人間界とまではいかないが普通に家なども建っている。
そしてルリディア城によく似た漆黒の城が町の中心に建っている。おそらく魔王はあそこにいるのだろう。
「よし、じゃあ転移するぞ。」
「転移って…アリスは城に入ったことがあるのか?」
普通、転移魔法は行ったことがあるところにしか使えないはずだ。
「ああ、その点なら問題ない。私は一度魔王に会っているからな」
「えええええ⁉アリスさんって魔王とも顔見知りなんですか?」
「まぁ、僕は知っていたが…くしゅんっ」
「アリス、魔王ってどんな奴だ?」
「…行けば分かる。全員私の手に触れておけ。」
言う通りに四人が手を重ねた瞬間、視界が真っ白に染まった。
××××
「くくく…久しぶりだな、小娘。」
魔王と呼ばれる女性が、アリスの方を向いて話しかけている。
見た限り普通の、スタイルが良い、赤髪の綺麗な女性にしか見えない。
「貴様がわしを訪ねるとは…何かあったのか?」
「ああ。人間界に悪魔を送り込んだのはお前か?」
どうやら、三日前の事件のことをアリスは話しているようだ。
「……む?何故わしが人間界を攻撃しなくてはならんのだ?」
「とぼけるな。お前の部下がやったのだろう?悪魔召喚なぞ人間ができることではない。」
「ふむ…ただ、わしはやっておらん。その時の状況を詳しく話せ。」
アリスは中級悪魔がどうたらこうたら話している。
ただ、俺たち三人は何もすることがないため、暇である。ダルクなんて立ったままいびきをかいている。

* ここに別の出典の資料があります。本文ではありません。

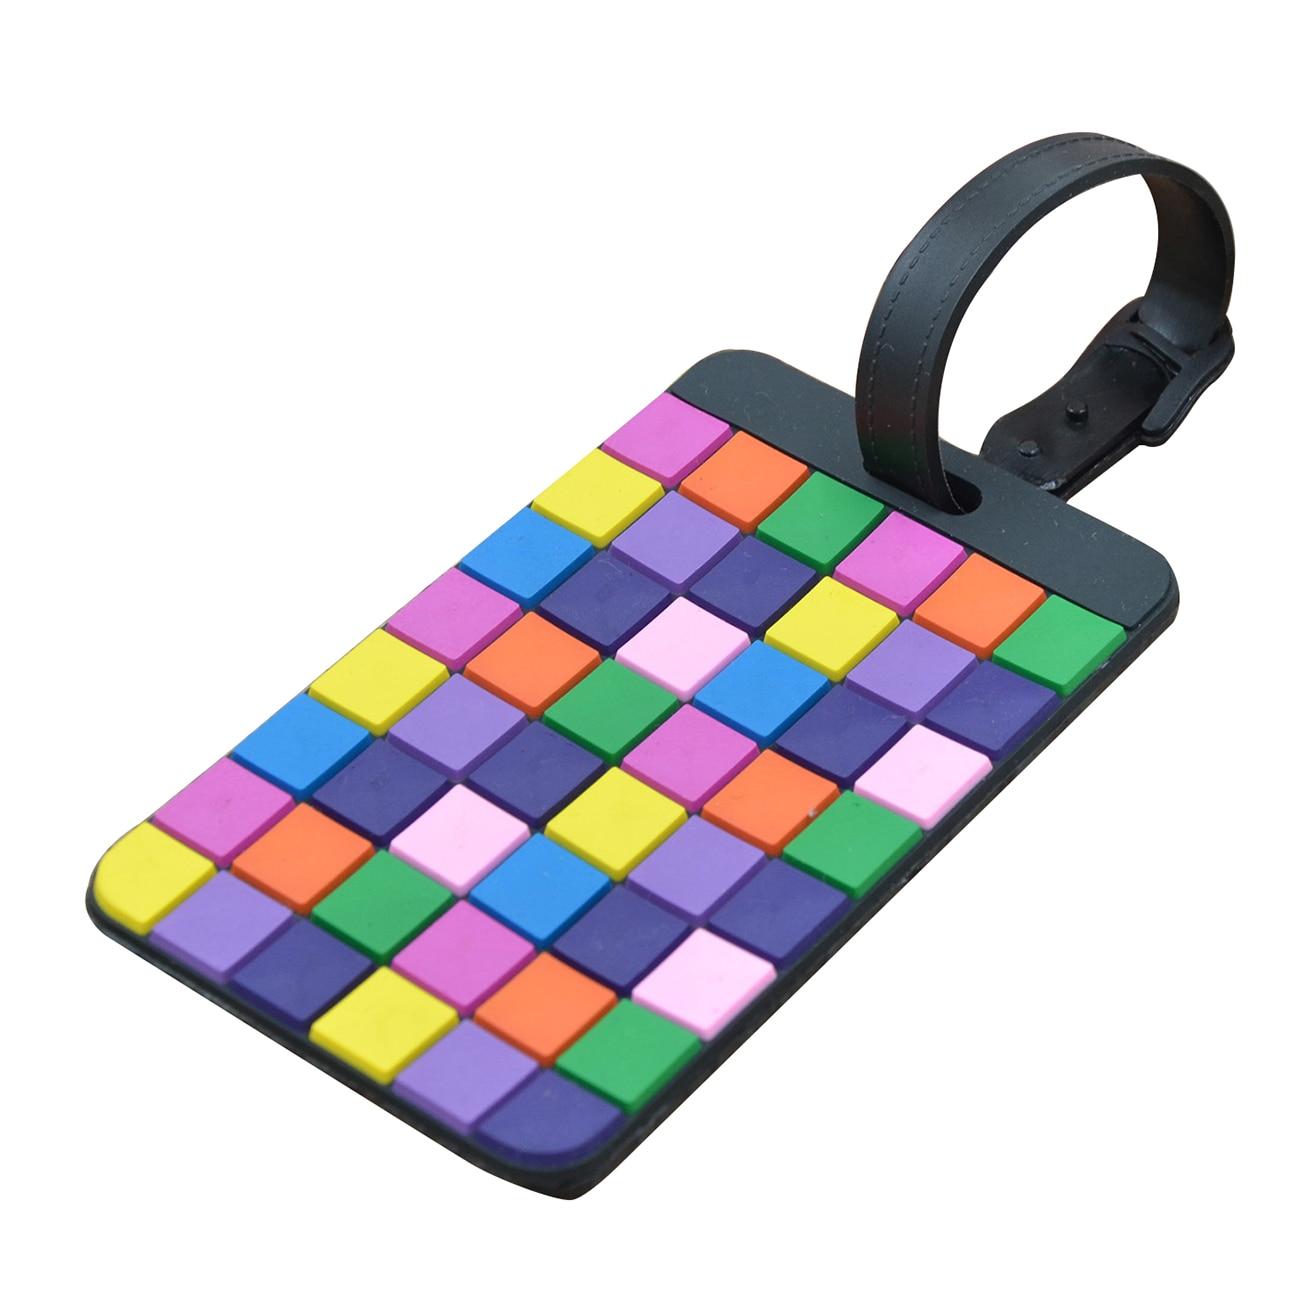 Portable Secure Travel Suitcase ID Luggage Handbag Large Tag Label (Yellow+Purple)

「……なるほど。わしの部下がやった可能性が高そうじゃな。」
…ここで、何かデジャヴを感じた。
いや、正確に言うと魔界に来てからずっと、既視感を感じていた。
何か、見たことあるような場面だ。
「本当は貴様らに力を貸してやりたいが…わしはまだまだ忙しい。わしの側近を貴様らと合流させよう。」
魔王が指を鳴らすと、後ろの扉から眼鏡をかけた男性が入ってきた。
「ジューク、話は聞いていたな?」
「もちろんです、魔王様。」
すると彼は俺たちに近づいて来て、
「始めまして。ジュークと申します。これからどうぞよろしくお願いしますね。」
そう言って握手を一人一人と交わしていく。
みんなは思い出せないようだが、俺はぼんやりと何かを思い出した。
俺がループする前、確かこいつに斬られたような気がする。